Exercise details ▸ Using the listing below, copy exactly the lines from the one containing "Auf dem Weg zur roten Pyramide" to the one containing "Комплект обеденный JavaКомплекты", both lines included, and no others.

Data supplied ▸
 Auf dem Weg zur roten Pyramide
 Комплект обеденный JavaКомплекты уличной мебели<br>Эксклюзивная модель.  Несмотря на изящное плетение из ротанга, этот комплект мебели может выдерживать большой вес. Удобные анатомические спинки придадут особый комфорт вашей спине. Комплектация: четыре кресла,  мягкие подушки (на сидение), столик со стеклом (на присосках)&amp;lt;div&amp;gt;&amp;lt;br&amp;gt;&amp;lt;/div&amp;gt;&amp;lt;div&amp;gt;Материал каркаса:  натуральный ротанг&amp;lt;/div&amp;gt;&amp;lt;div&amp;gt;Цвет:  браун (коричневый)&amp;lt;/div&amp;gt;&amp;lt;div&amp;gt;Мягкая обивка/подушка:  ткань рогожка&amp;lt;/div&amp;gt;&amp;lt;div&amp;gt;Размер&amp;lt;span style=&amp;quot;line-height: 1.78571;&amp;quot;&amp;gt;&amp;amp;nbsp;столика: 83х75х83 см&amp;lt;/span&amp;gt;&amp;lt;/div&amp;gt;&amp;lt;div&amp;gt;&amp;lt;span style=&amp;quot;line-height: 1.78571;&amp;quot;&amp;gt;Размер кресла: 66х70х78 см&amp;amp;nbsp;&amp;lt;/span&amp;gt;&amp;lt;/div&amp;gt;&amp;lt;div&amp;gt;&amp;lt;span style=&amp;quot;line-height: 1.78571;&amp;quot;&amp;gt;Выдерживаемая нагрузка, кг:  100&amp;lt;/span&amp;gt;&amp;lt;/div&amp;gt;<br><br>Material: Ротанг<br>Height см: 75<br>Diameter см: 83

---

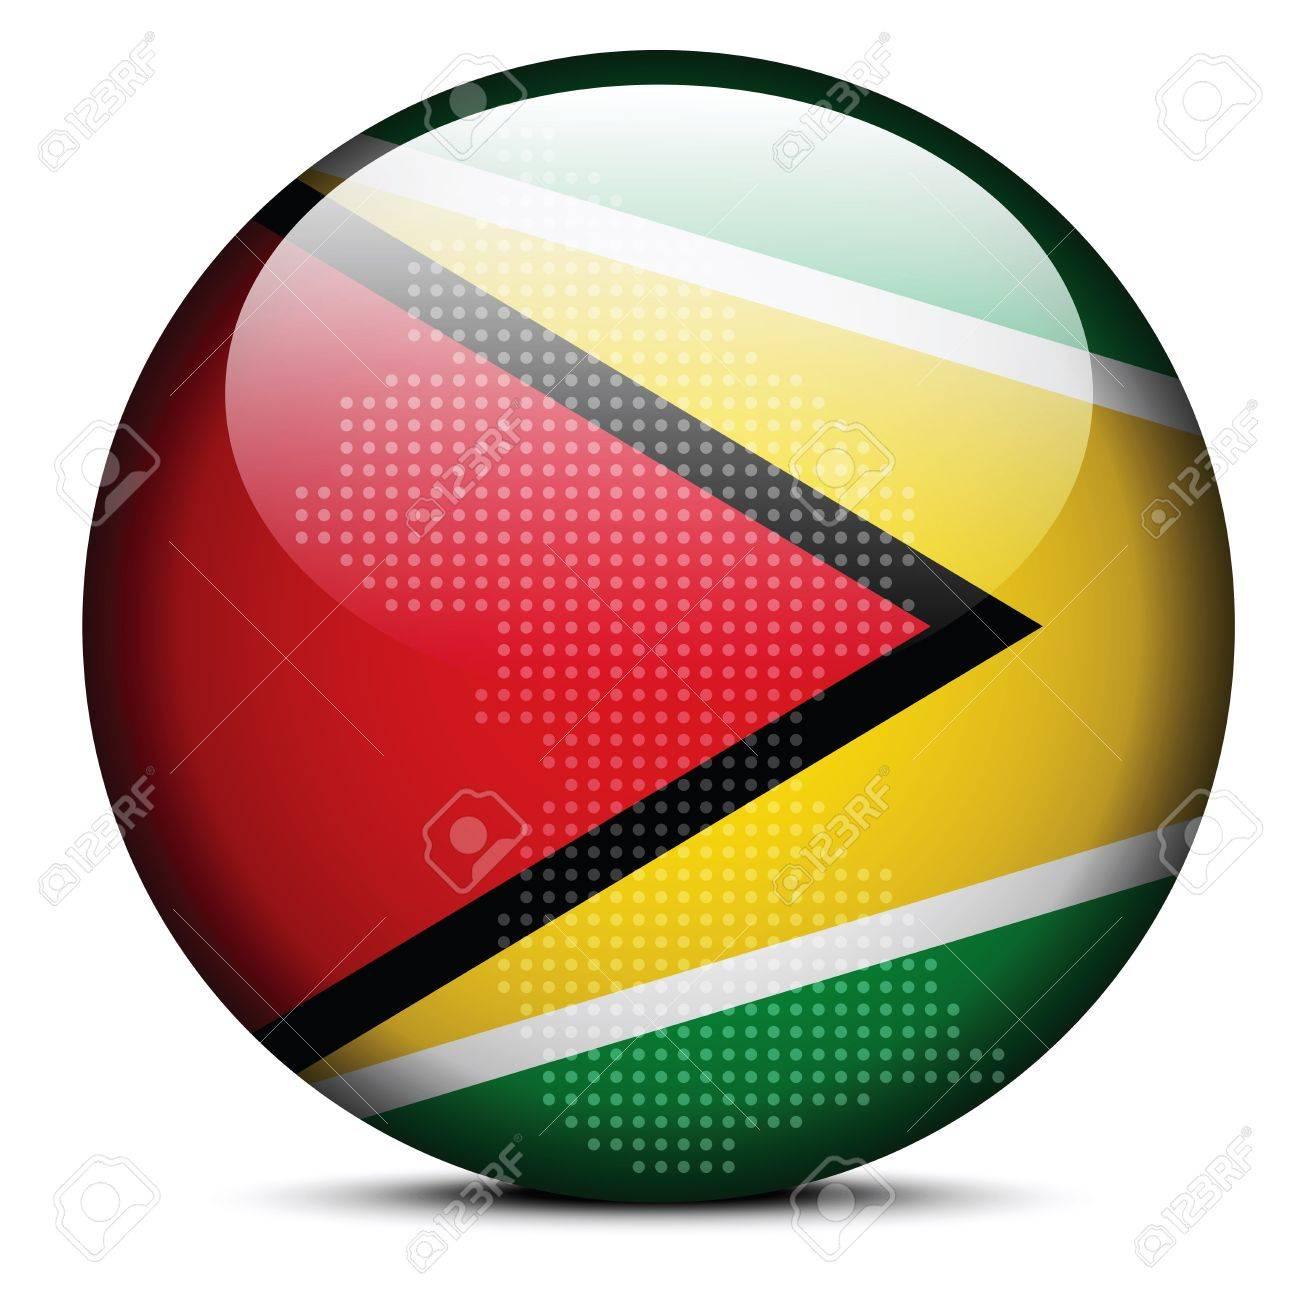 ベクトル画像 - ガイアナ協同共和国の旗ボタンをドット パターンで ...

* * *

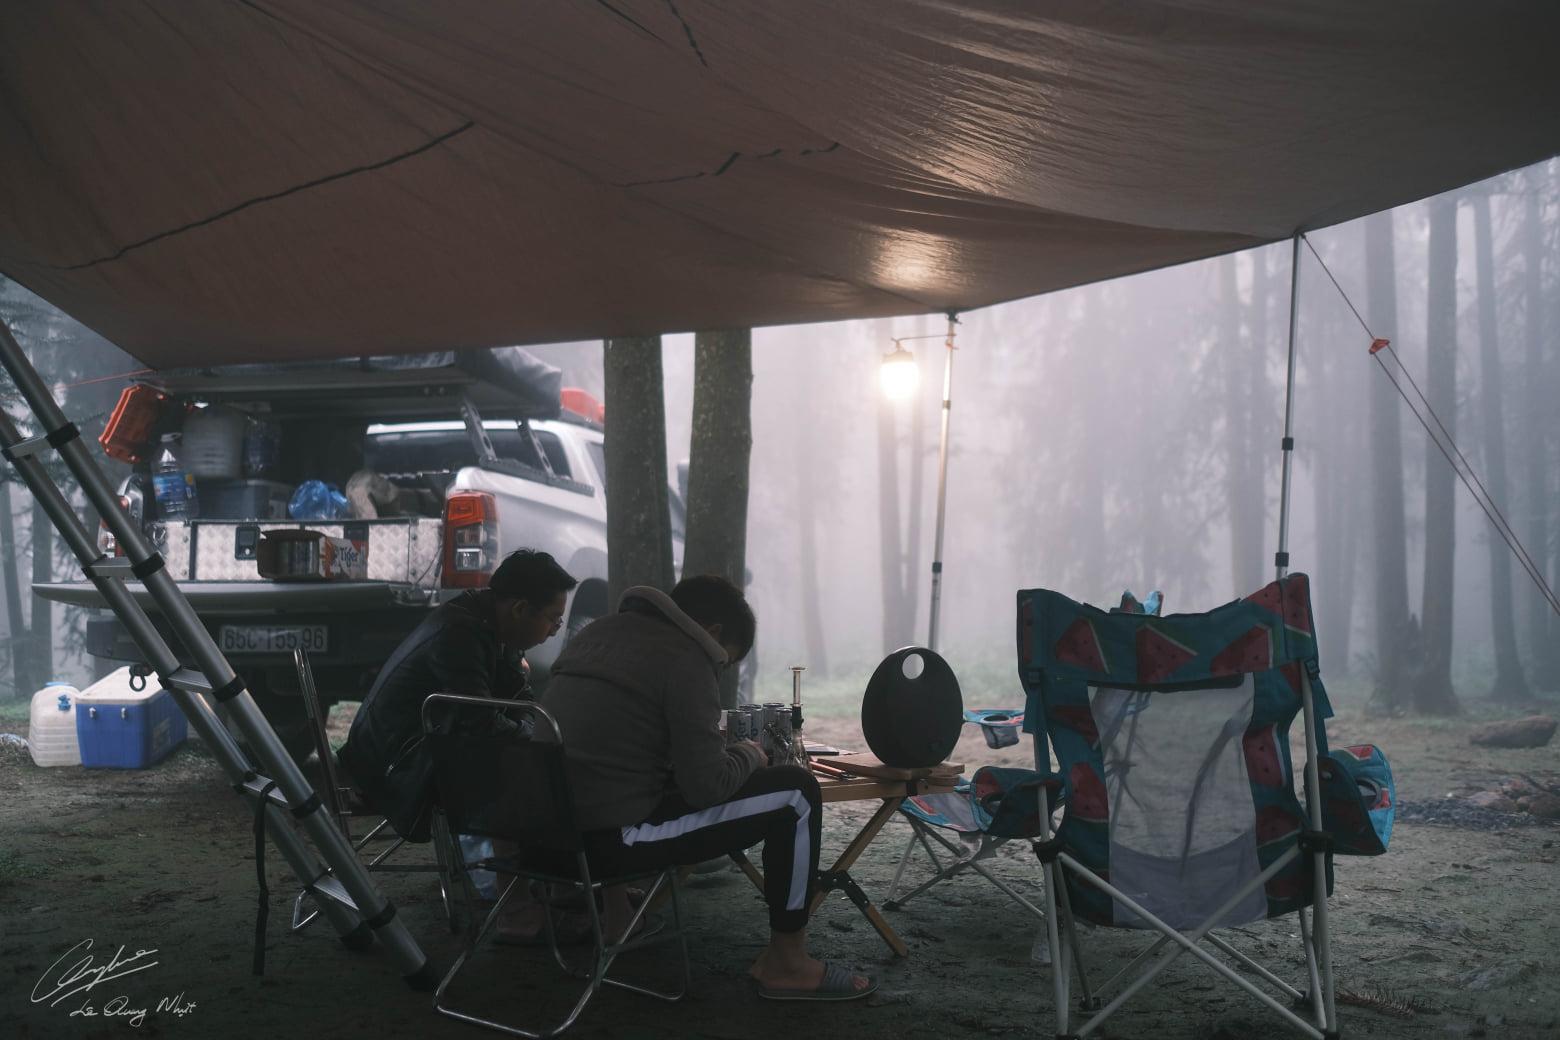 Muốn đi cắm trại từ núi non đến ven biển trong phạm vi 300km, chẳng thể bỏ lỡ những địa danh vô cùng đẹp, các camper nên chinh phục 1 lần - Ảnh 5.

Answer box ▸
 Auf dem Weg zur roten Pyramide
 Комплект обеденный JavaКомплекты уличной мебели<br>Эксклюзивная модель.  Несмотря на изящное плетение из ротанга, этот комплект мебели может выдерживать большой вес. Удобные анатомические спинки придадут особый комфорт вашей спине. Комплектация: четыре кресла,  мягкие подушки (на сидение), столик со стеклом (на присосках)&amp;lt;div&amp;gt;&amp;lt;br&amp;gt;&amp;lt;/div&amp;gt;&amp;lt;div&amp;gt;Материал каркаса:  натуральный ротанг&amp;lt;/div&amp;gt;&amp;lt;div&amp;gt;Цвет:  браун (коричневый)&amp;lt;/div&amp;gt;&amp;lt;div&amp;gt;Мягкая обивка/подушка:  ткань рогожка&amp;lt;/div&amp;gt;&amp;lt;div&amp;gt;Размер&amp;lt;span style=&amp;quot;line-height: 1.78571;&amp;quot;&amp;gt;&amp;amp;nbsp;столика: 83х75х83 см&amp;lt;/span&amp;gt;&amp;lt;/div&amp;gt;&amp;lt;div&amp;gt;&amp;lt;span style=&amp;quot;line-height: 1.78571;&amp;quot;&amp;gt;Размер кресла: 66х70х78 см&amp;amp;nbsp;&amp;lt;/span&amp;gt;&amp;lt;/div&amp;gt;&amp;lt;div&amp;gt;&amp;lt;span style=&amp;quot;line-height: 1.78571;&amp;quot;&amp;gt;Выдерживаемая нагрузка, кг:  100&amp;lt;/span&amp;gt;&amp;lt;/div&amp;gt;<br><br>Material: Ротанг<br>Height см: 75<br>Diameter см: 83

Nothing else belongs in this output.